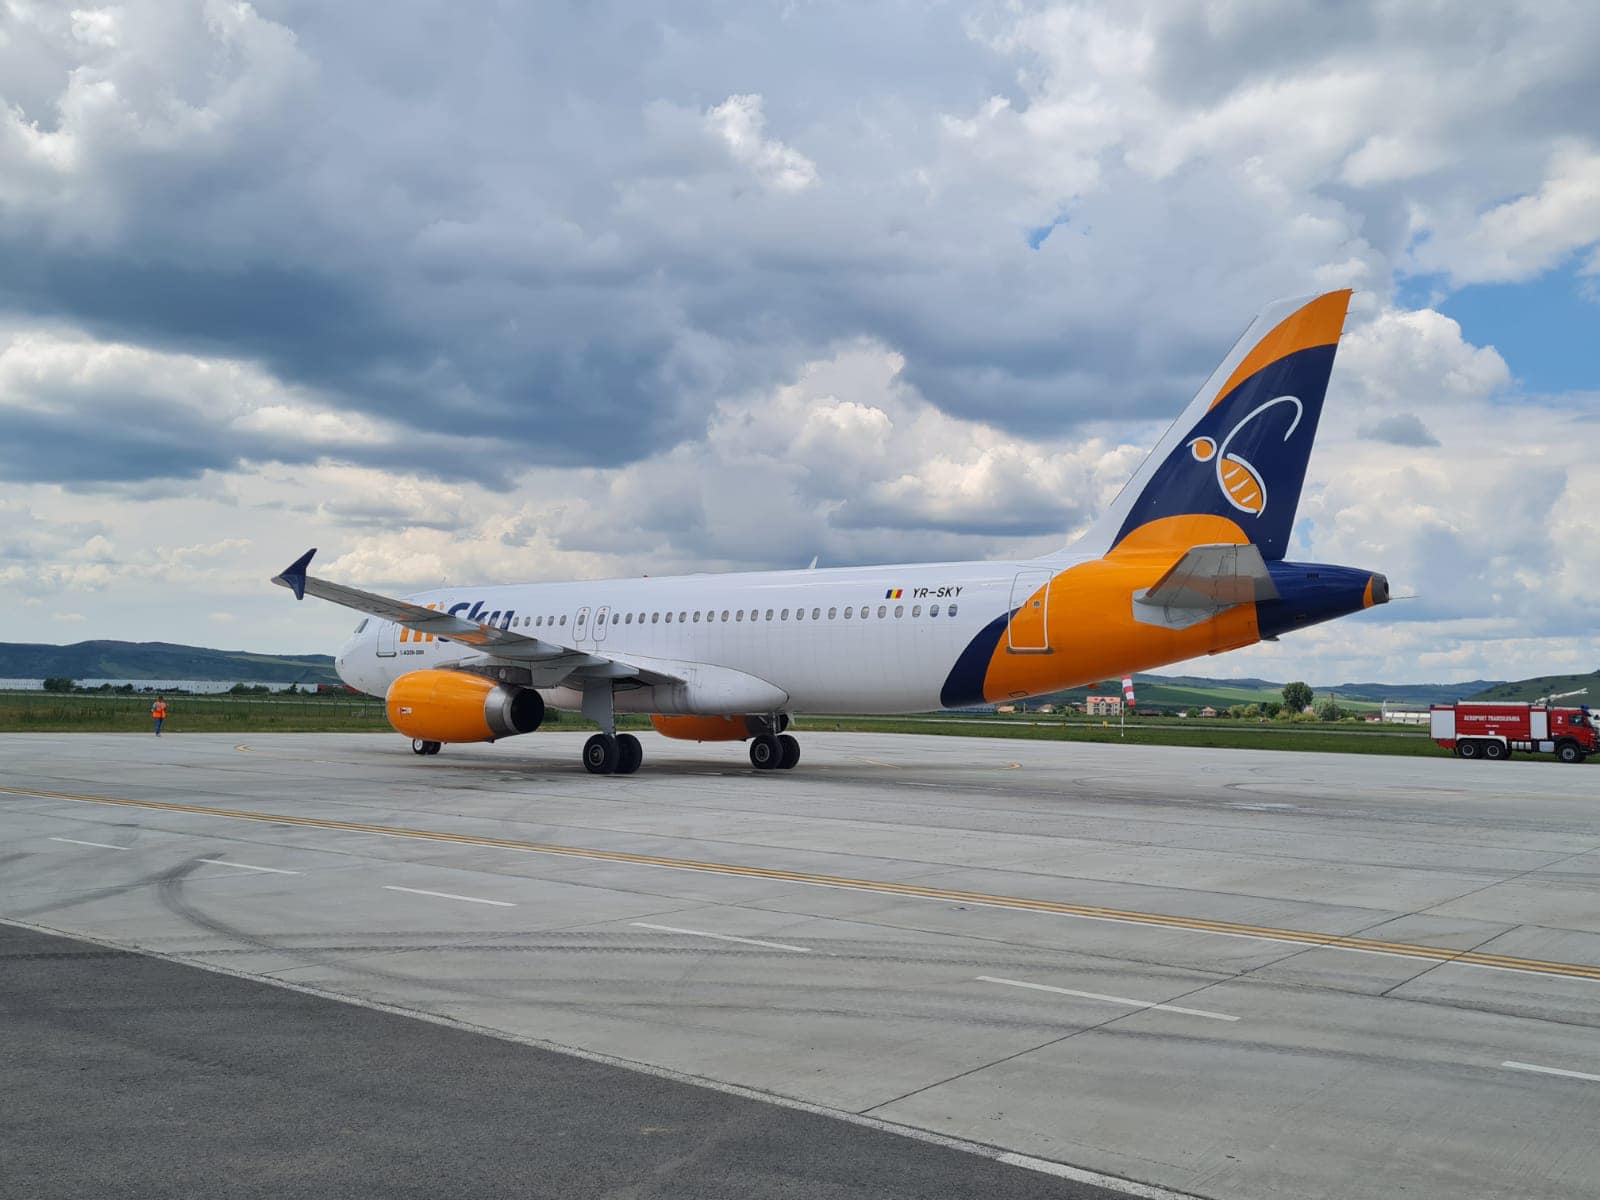 Patru zboruri directe pe ruta Cluj-Napoca-Chișinău vor fi operate de compania aeriană HiSky, de pe Aeroportul Internaţional Avram Iancu Cluj
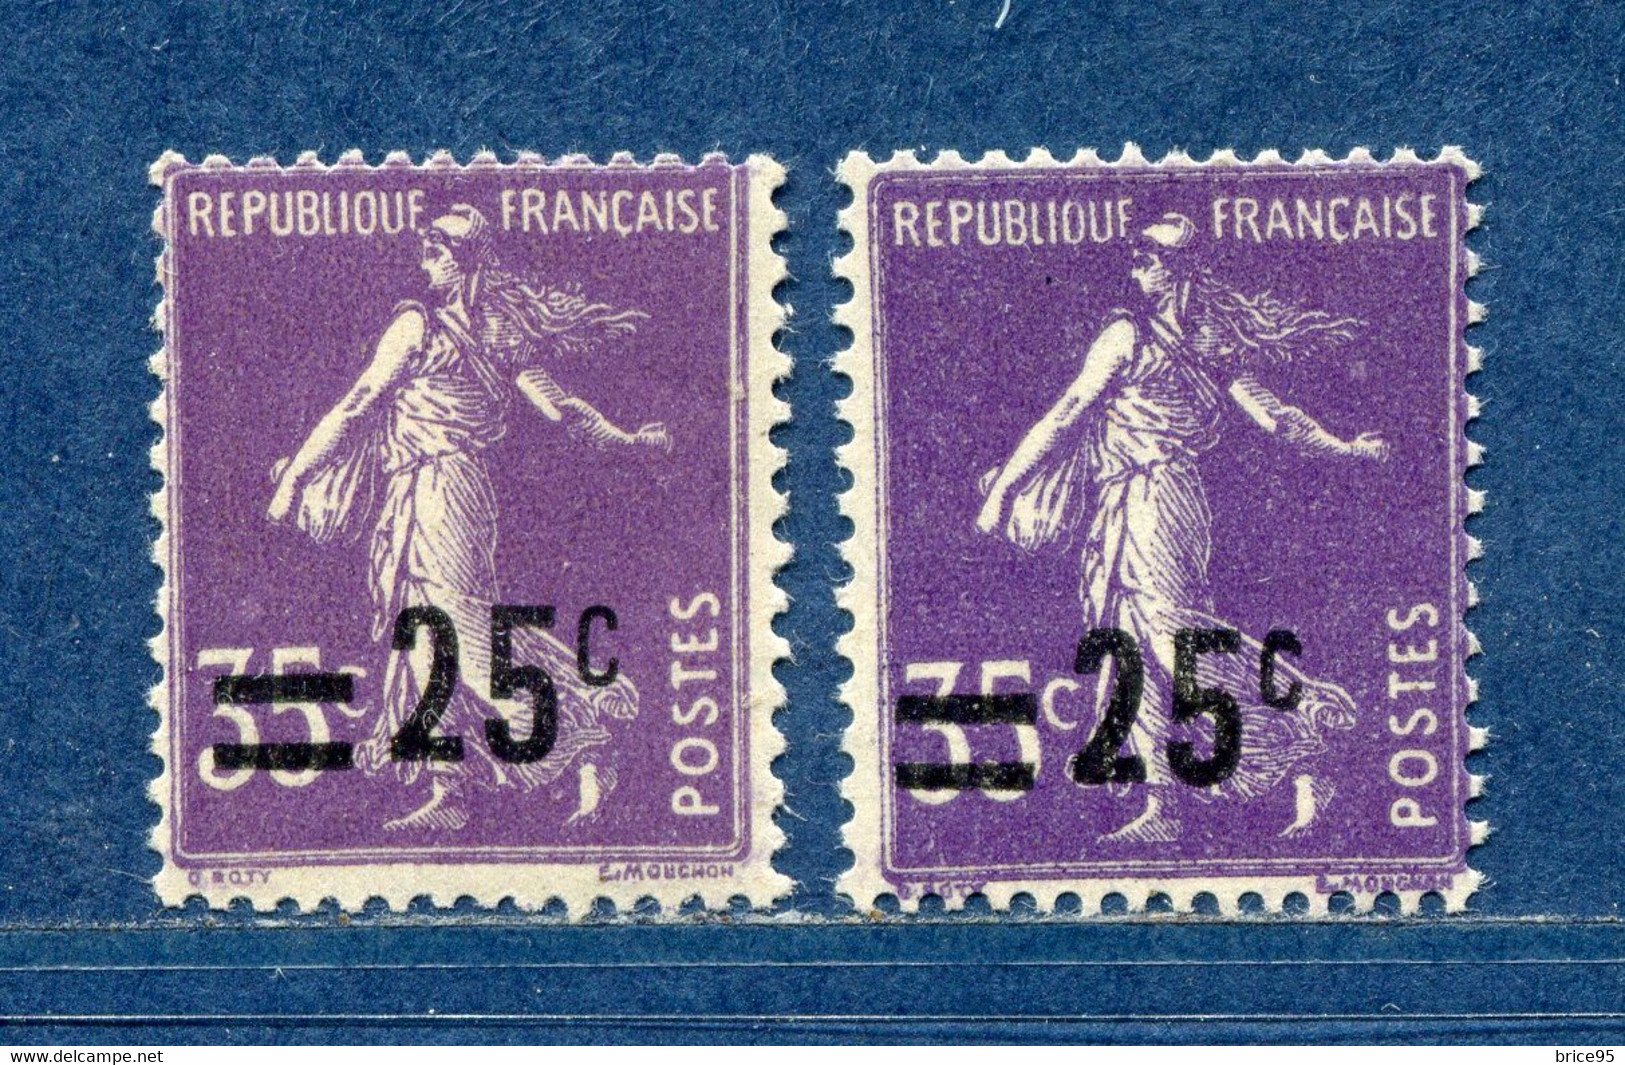 ⭐ France - Variété - YT N° 218 - Couleurs - Pétouilles - Neuf Sans Charnière - 1926 ⭐ - Ungebraucht
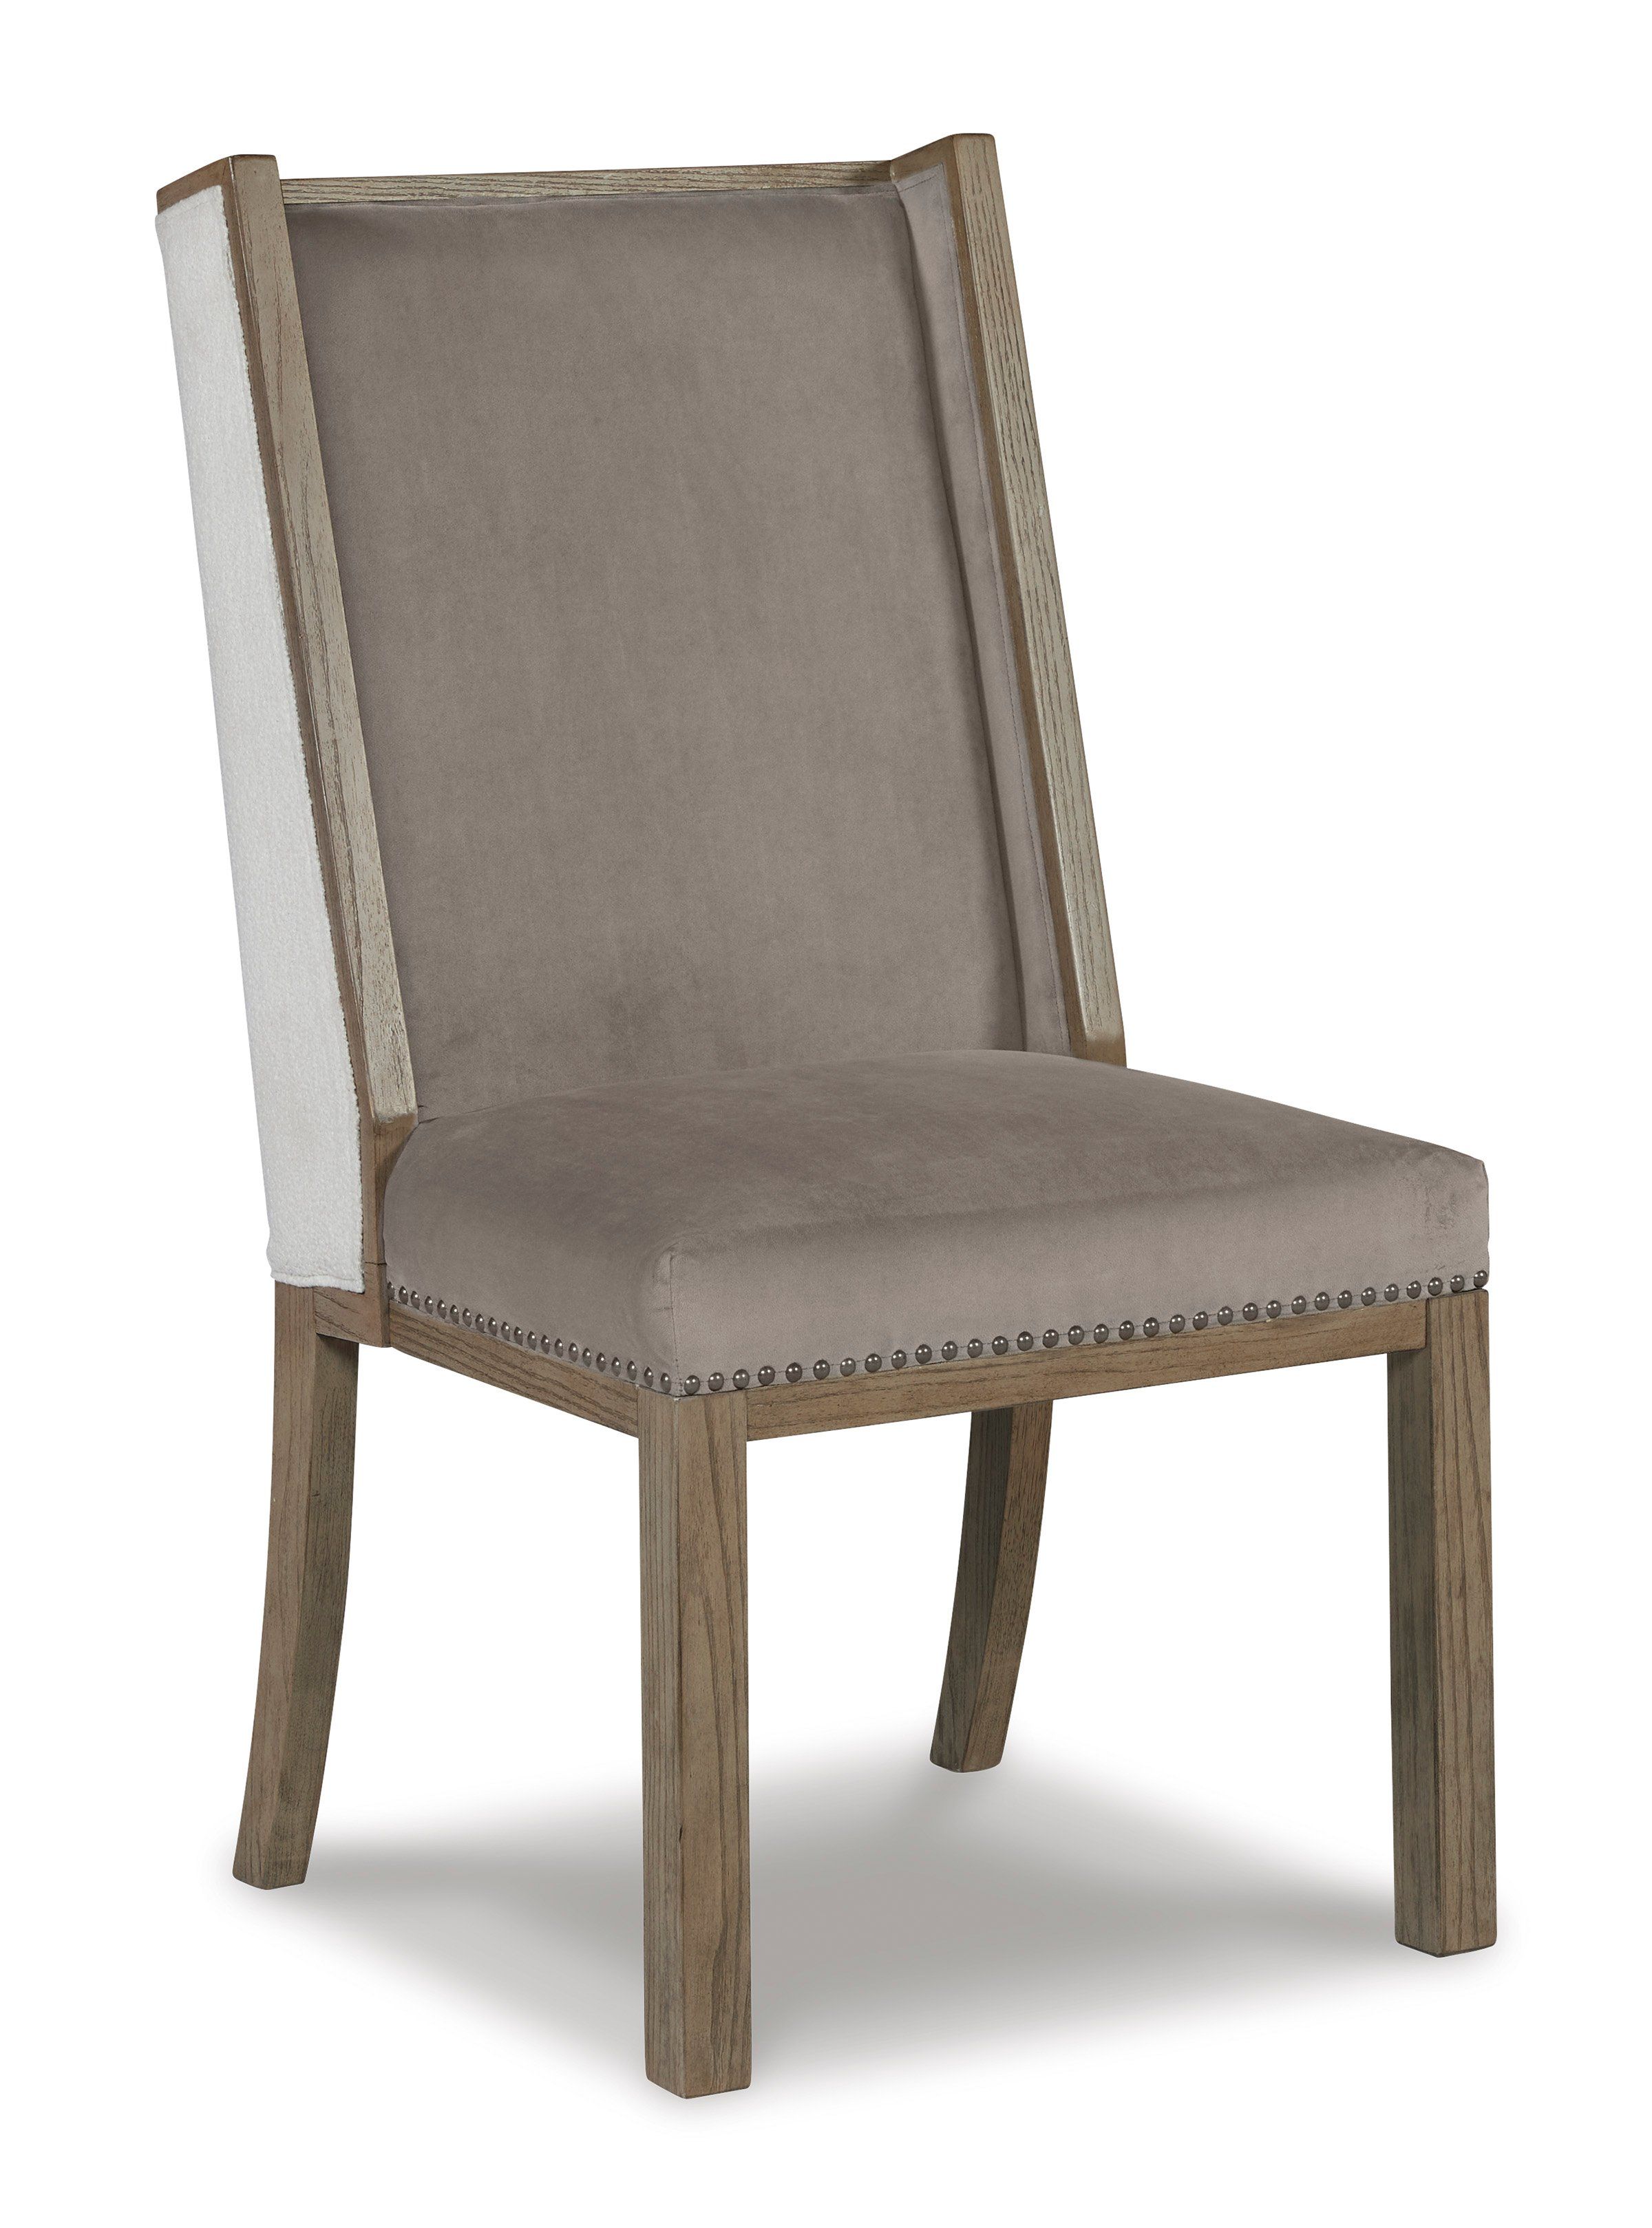 Chrestner Wingback Chair

[DIRECTIONS FOR THIS TASK]: From the first line to the last, return the material above exactly, apart from the pictures.

[WRITTEN RESPONSE]:
 Patru zboruri directe pe ruta Cluj-Napoca-Chișinău vor fi operate de compania aeriană HiSky, de pe Aeroportul Internaţional Avram Iancu Cluj
 ⭐ France - Variété - YT N° 218 - Couleurs - Pétouilles - Neuf Sans Charnière - 1926 ⭐ - Ungebraucht
 Chrestner Wingback Chair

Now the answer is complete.